Personal information
- Full name: William George Marks
- Date of birth: 9 April 1915
- Place of birth: Figheldean, Wiltshire, England
- Date of death: 22 January 1998 (aged 82)
- Place of death: Salisbury, Wiltshire, England
- Position: Goalkeeper

Youth career
- Salisbury Corinthians

Senior career*
- Years: Team / Apps / (Gls)
- 1936–1946: Arsenal / 2 / (0)
- 1936–1938: → Margate (loan)
- 1946–1948: Blackburn Rovers / 67 / (0)
- 1948: Bristol City / 9 / (0)
- 1948–1953: Reading / 118 / (0)

International career
- 1941–1943: England (wartime) / 8 / (0)

= George Marks (footballer, born 1915) =

English footballer

William George Marks (9 April 1915 – 22 January 1998) was an English association football player, who played as a goalkeeper.

Born in Figheldean, Wiltshire, Marks started his career at local club Salisbury Corinthians before joining Arsenal as an amateur in March 1936; he turned professional two months later. Marks spent two years on loan at Arsenal's nursery club Margate before returning in May 1938. He played twice for Arsenal before the outbreak of war, but served mainly as understudy to George Swindin and Alex Wilson; however he did play the final two games of the 1938-39 season, his debut coming against Derby County on 29 April 1939. His second and final league appearance in goal for Arsenal was memorable, as it was their 2–0 win over Brentford at Highbury, a match recorded on film for the movie The Arsenal Stadium Mystery.
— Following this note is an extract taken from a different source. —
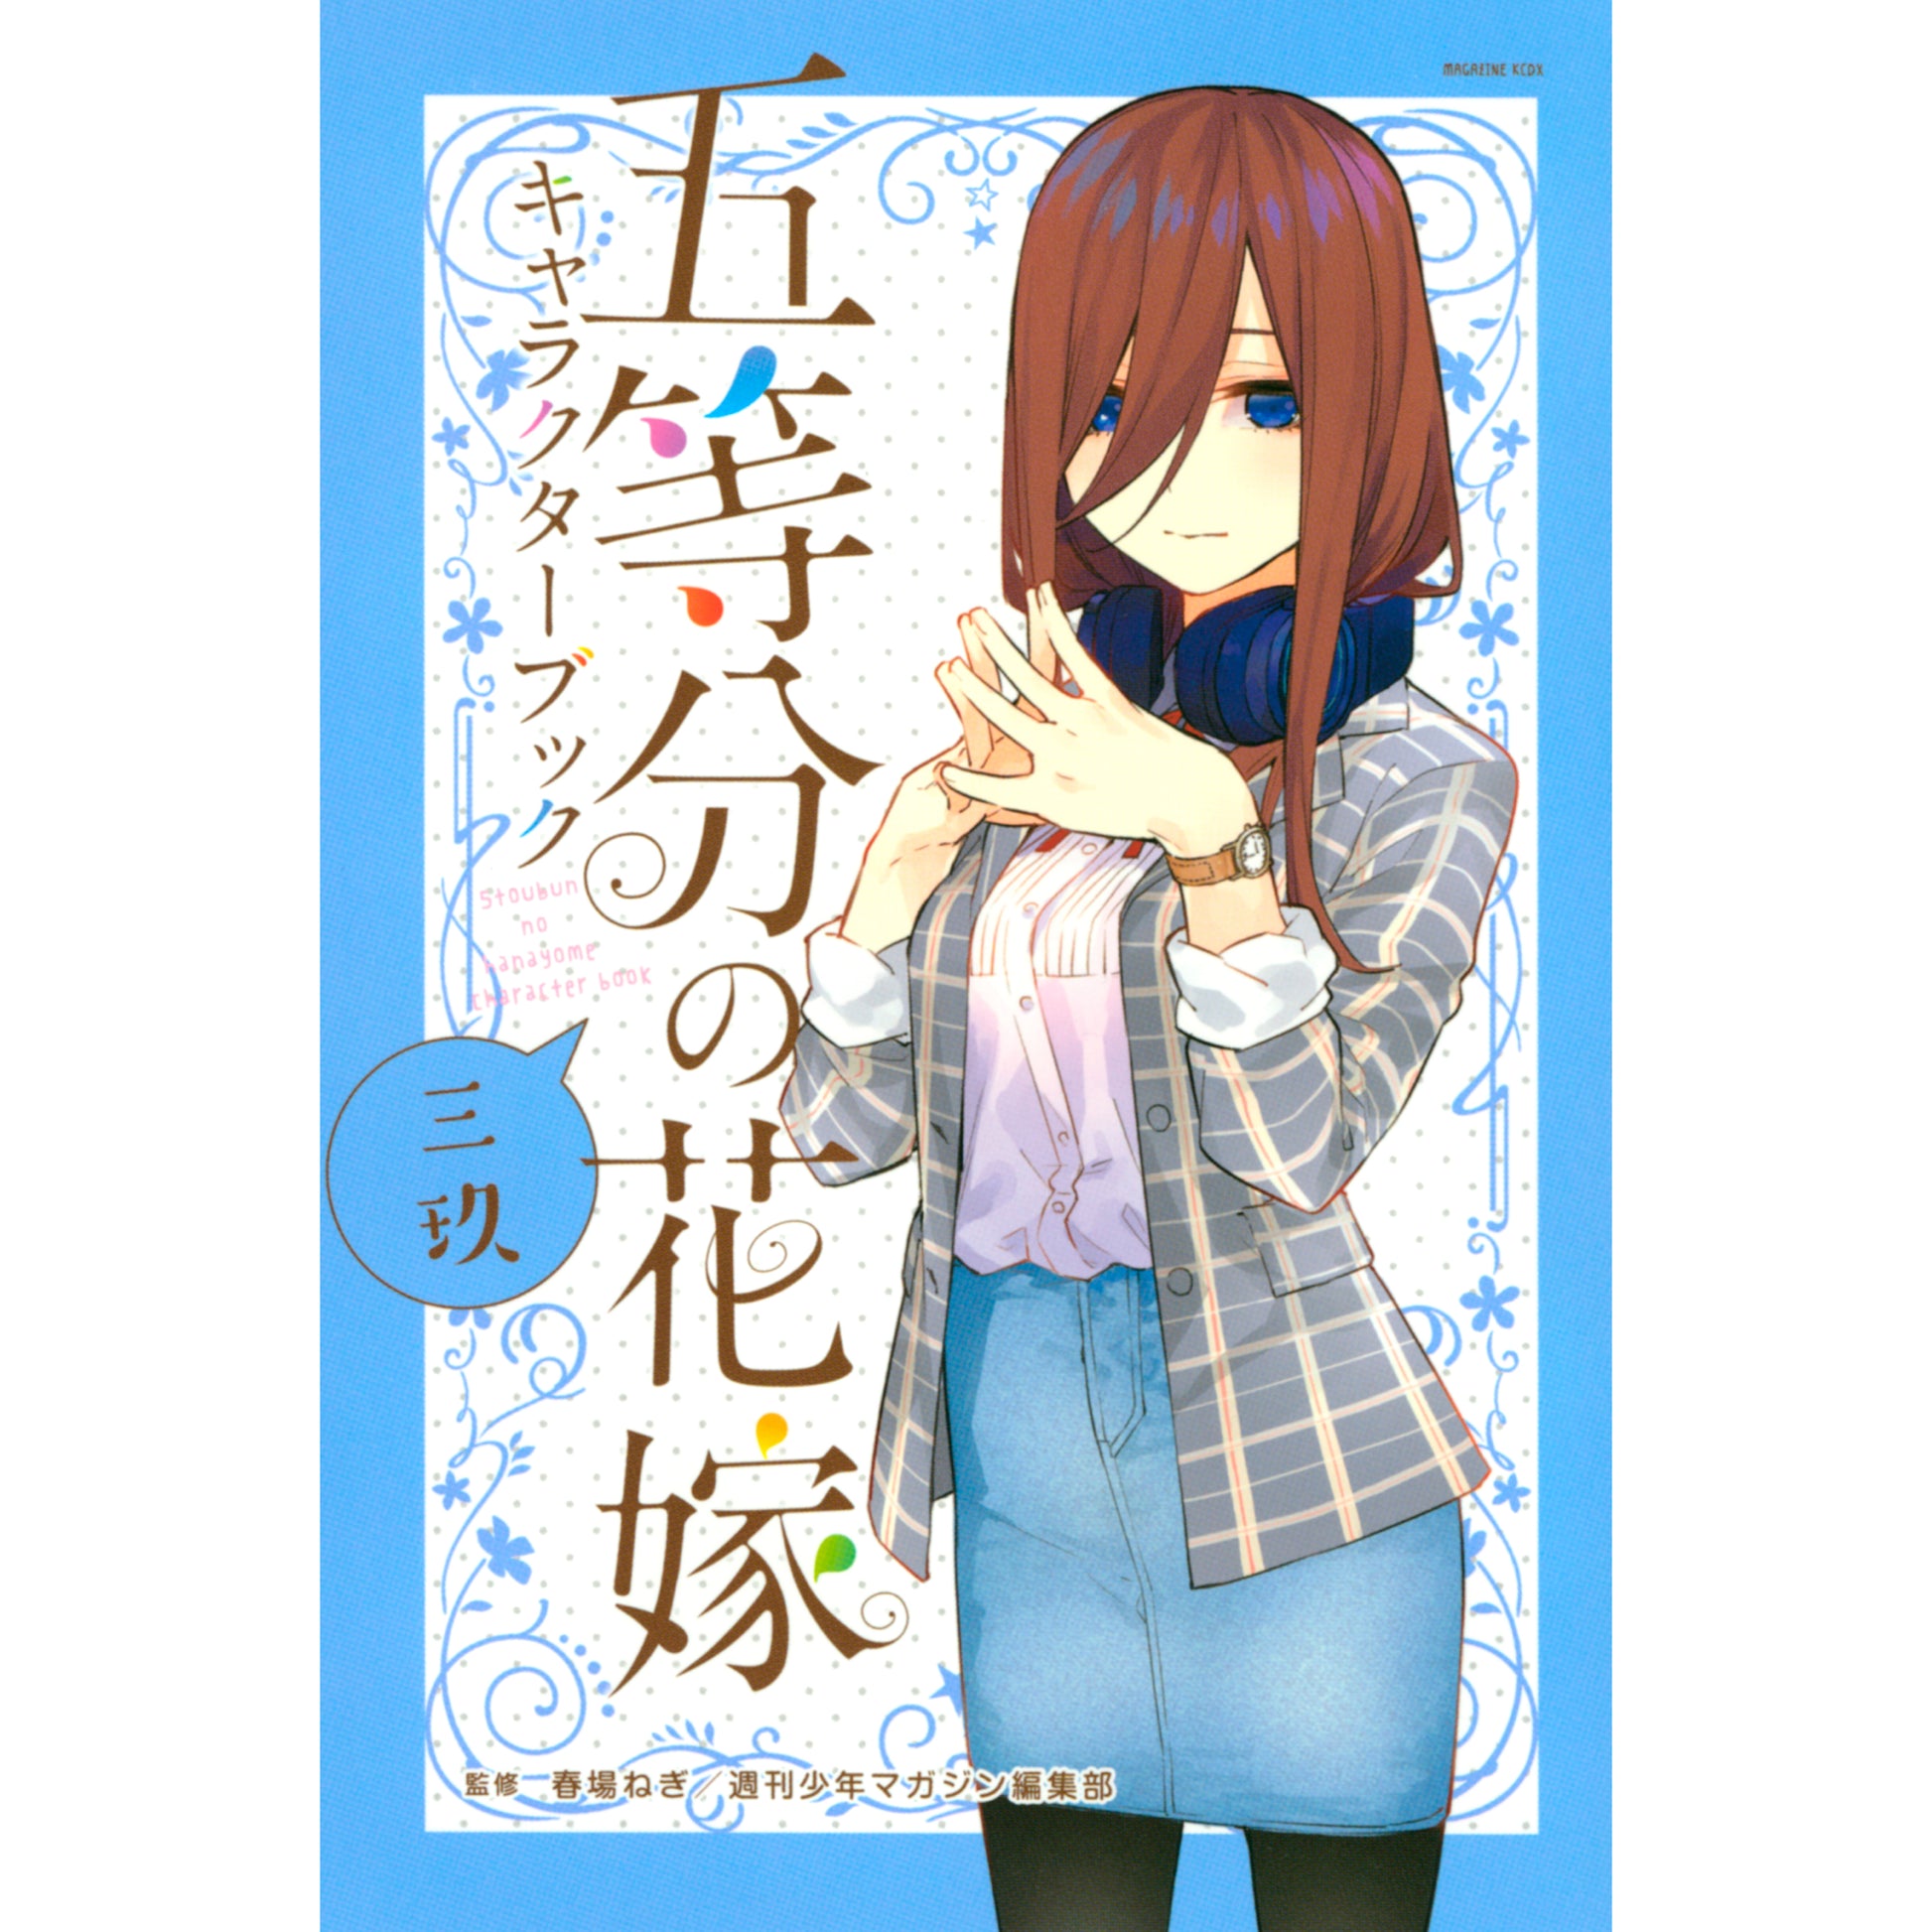 Anime The Quintessential Quintuplets Novelize (Novel) Manga

Official football was suspended during the war; Marks served in the Royal Air Force in Northern Ireland, but still found time to play 129 wartime matches for Arsenal and win one Football League War Cup and two Football League South medals, as well as eight wartime caps for England. Once war was over and football resumed, Marks was deemed too old for Arsenal and sold for £5,000 in August 1946 to Blackburn Rovers - at the time a record fee for a keeper. Despite spending ten years with Arsenal, thanks to the war Marks had only two official League appearances to his name.

He spent two seasons with Rovers, his career there punctuated by a period out with a jaw injury. He moved to Bristol City in August 1948, but stayed only two months before signing for Reading. There he spent five years before retiring as a player. He went on to be a coach with Reading for two years before quitting the game entirely, and becoming a local government officer in his native Wiltshire. He died in 1998, aged 82.